- [ASSIGNMENT]: Only the lines from the one containing "Orlando Bloom - Grand Turismo ©Sony Pictures" to the end of the data should be copied, exactly and without pictures.

- [DATA SECTION]:

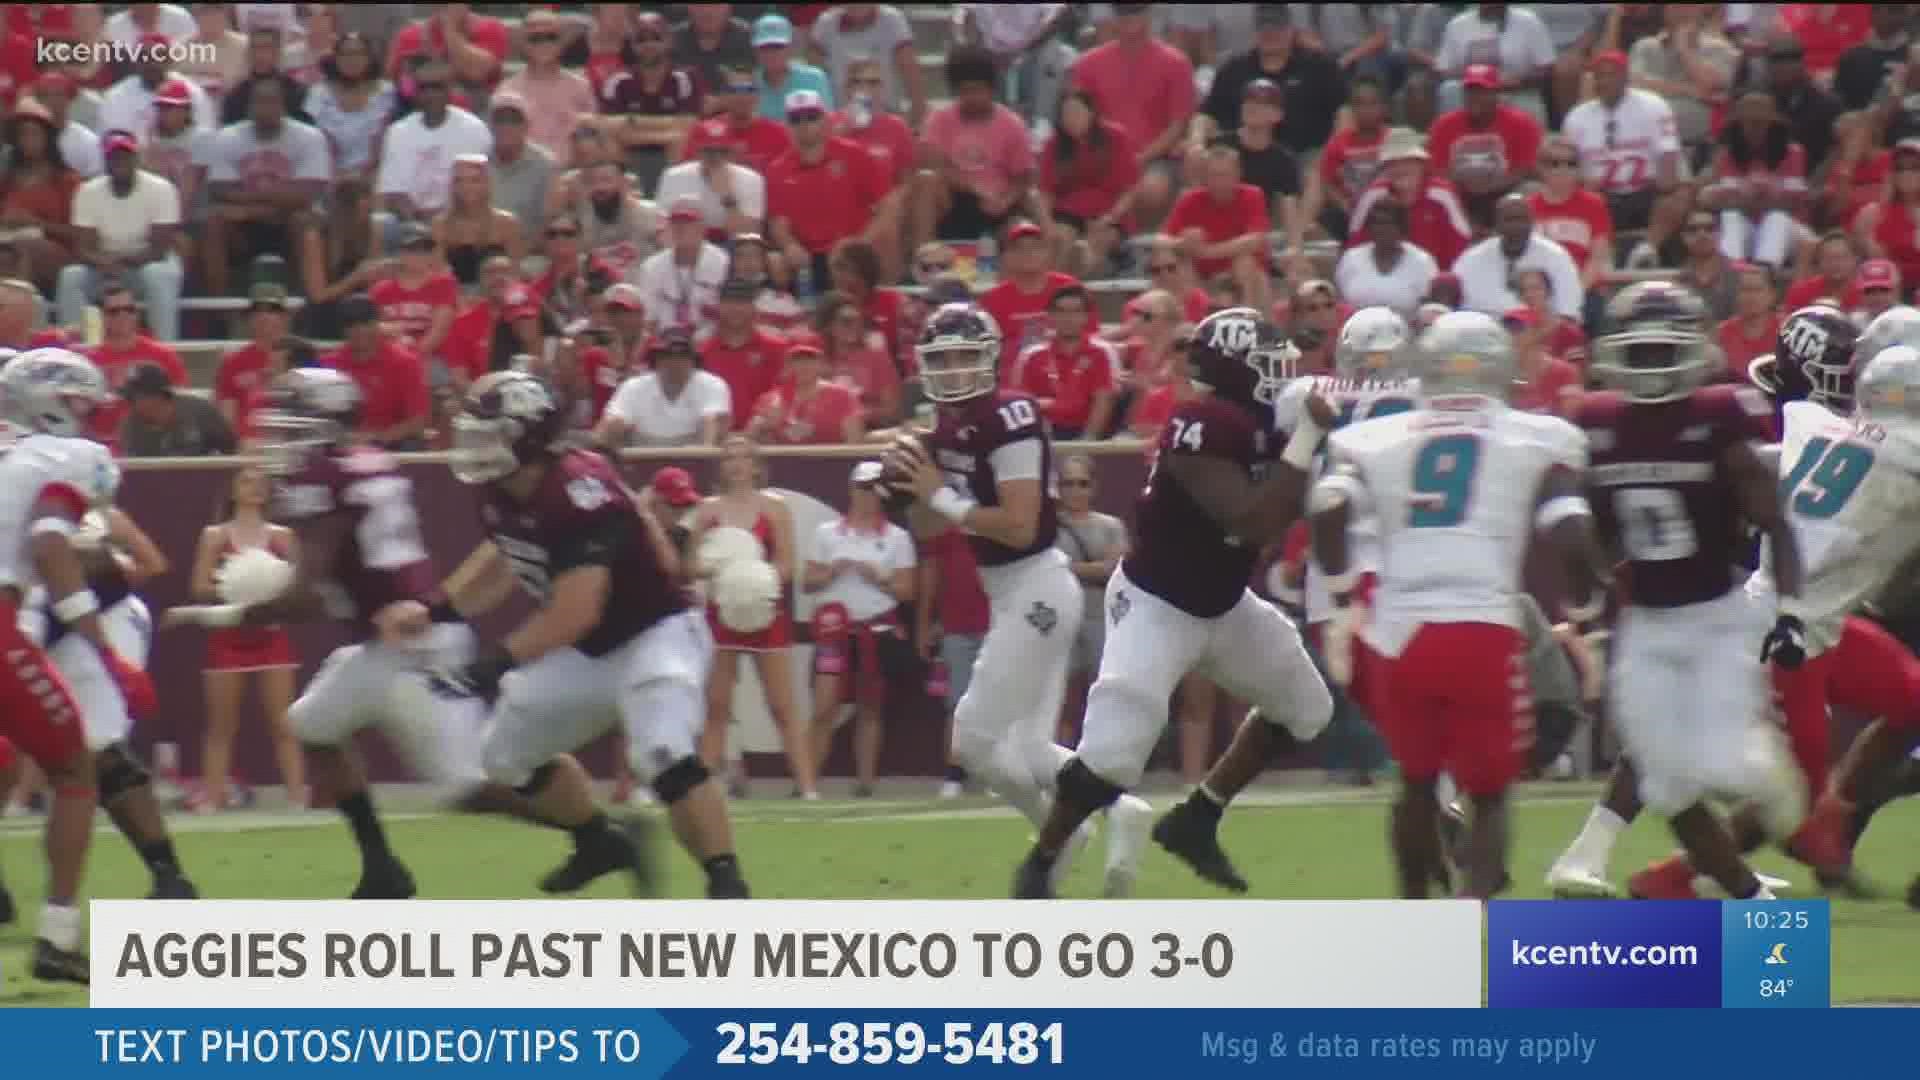 Highlights of Texas A&M's Saturday victory over New Mexico
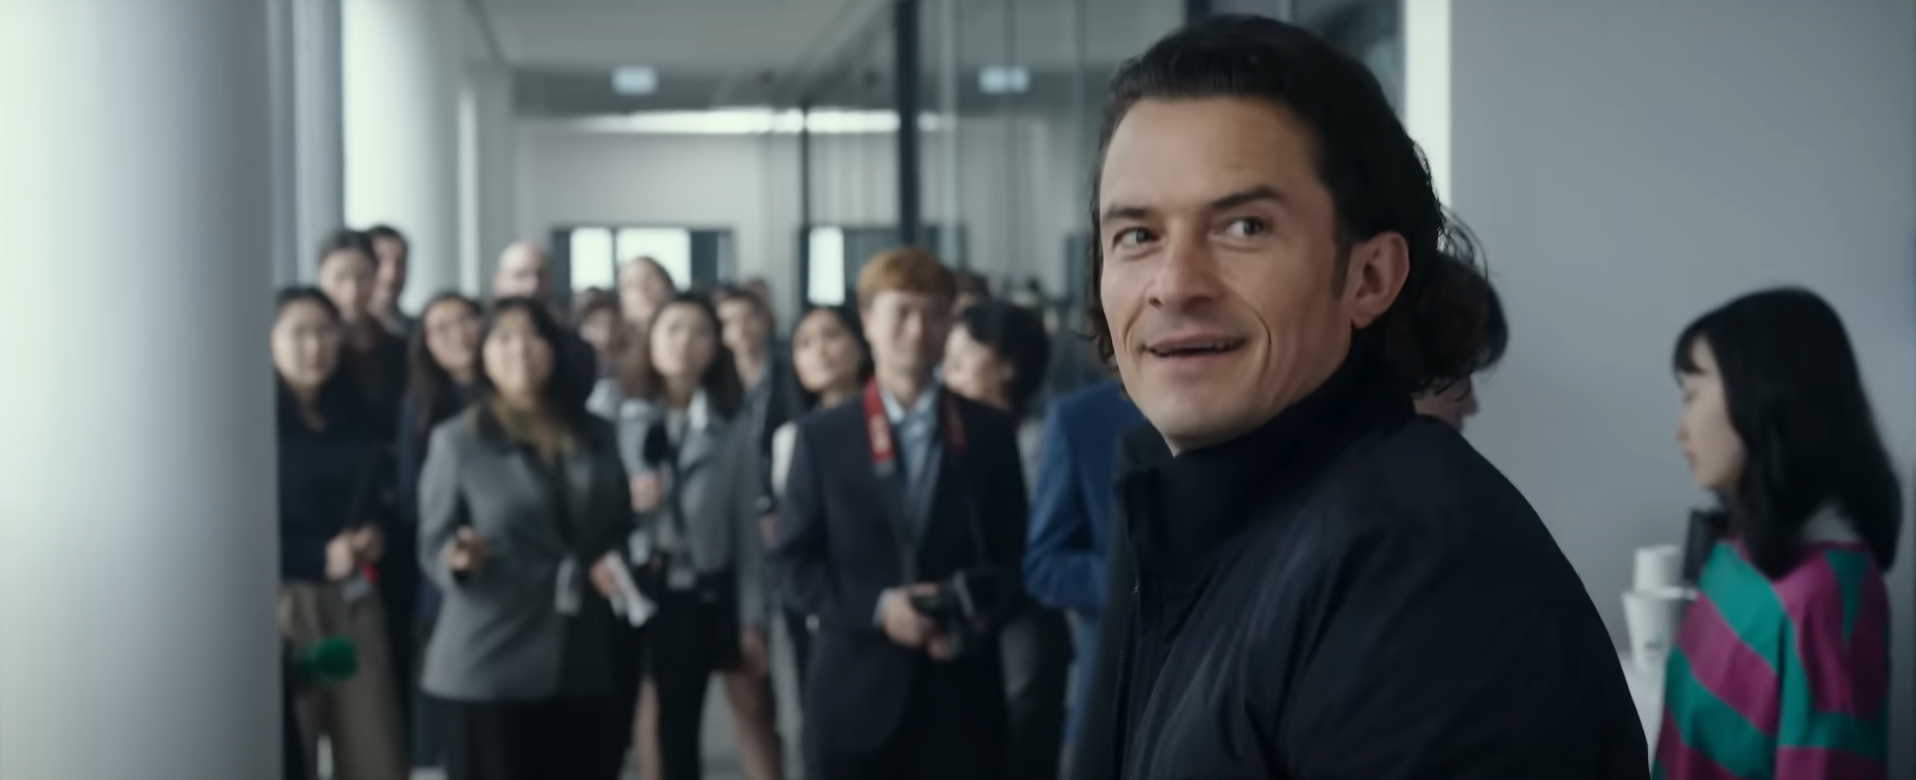 Orlando Bloom - Grand Turismo ©Sony Pictures
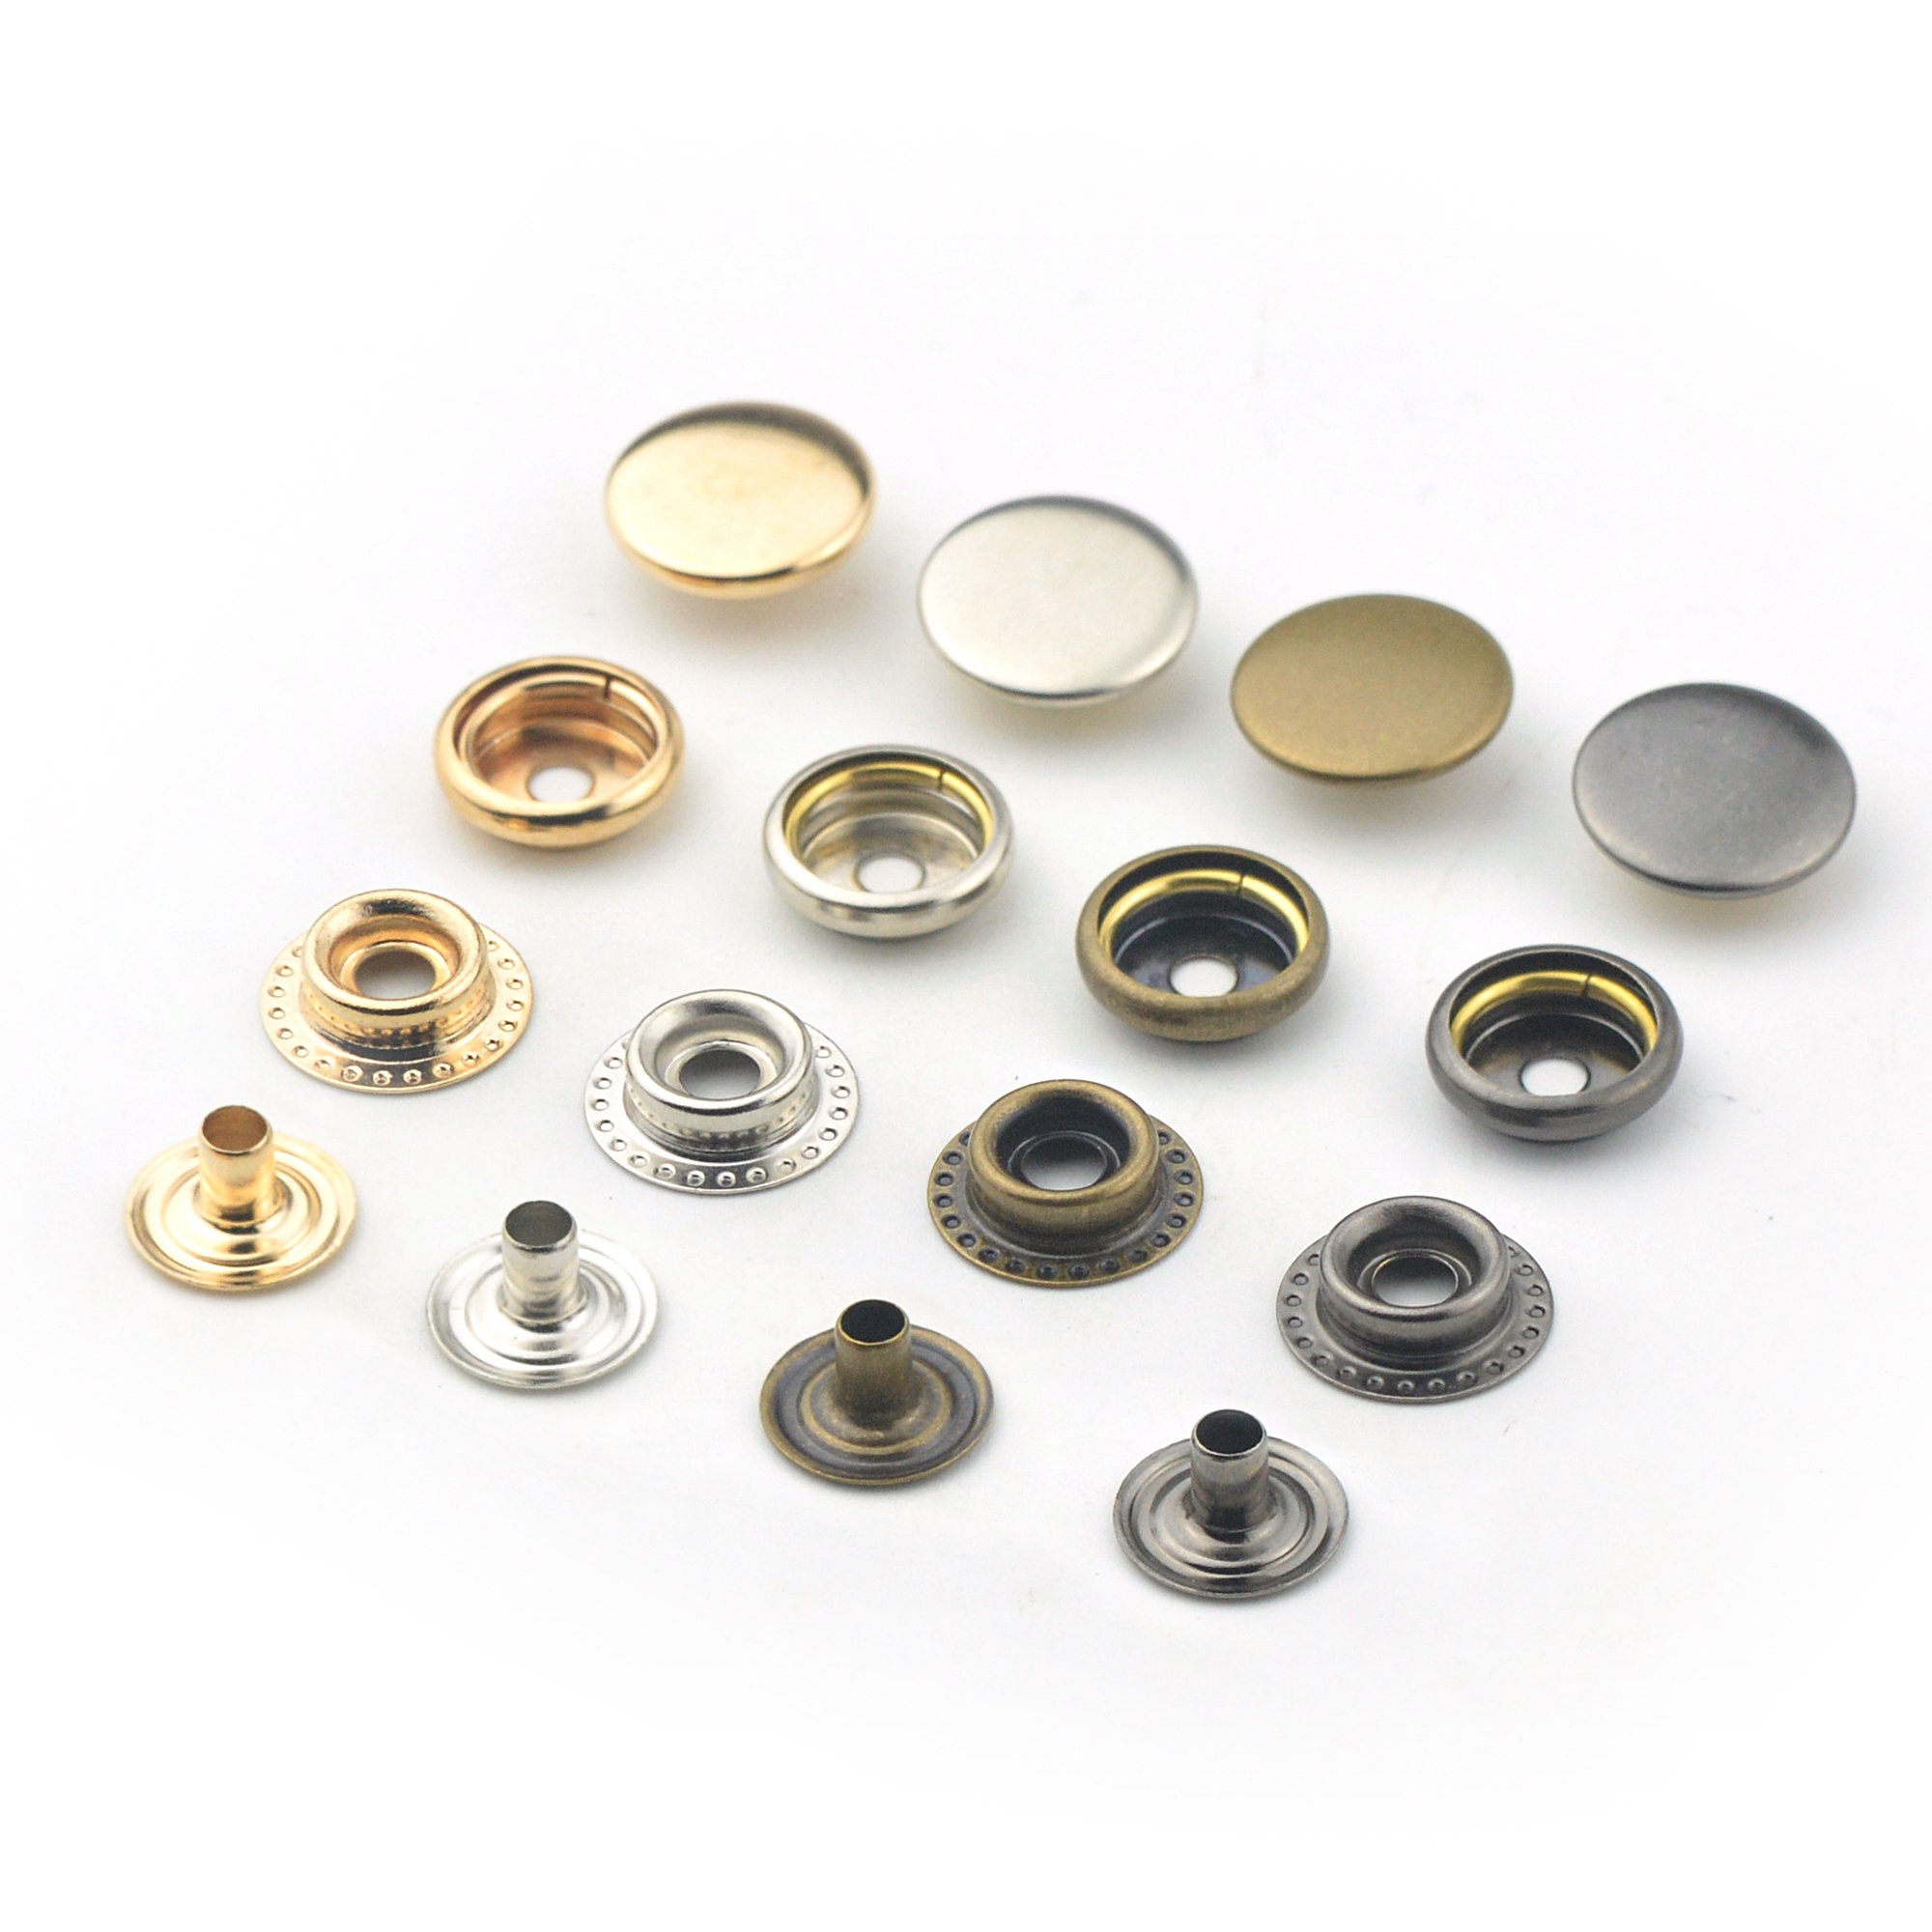 Wefab Press Buttons Push Button 200 Pcs (snap Fasteners) Studs Popper  Button - Bra, Buttons, Brass Rust Proof Superior Guide Hole For Craft And  Sewing, Prong Snap Button, रिंग स्नैप बटन

- [SOLUTION FOR THIS TASK]:
 Orlando Bloom - Grand Turismo ©Sony Pictures
 Wefab Press Buttons Push Button 200 Pcs (snap Fasteners) Studs Popper  Button - Bra, Buttons, Brass Rust Proof Superior Guide Hole For Craft And  Sewing, Prong Snap Button, रिंग स्नैप बटन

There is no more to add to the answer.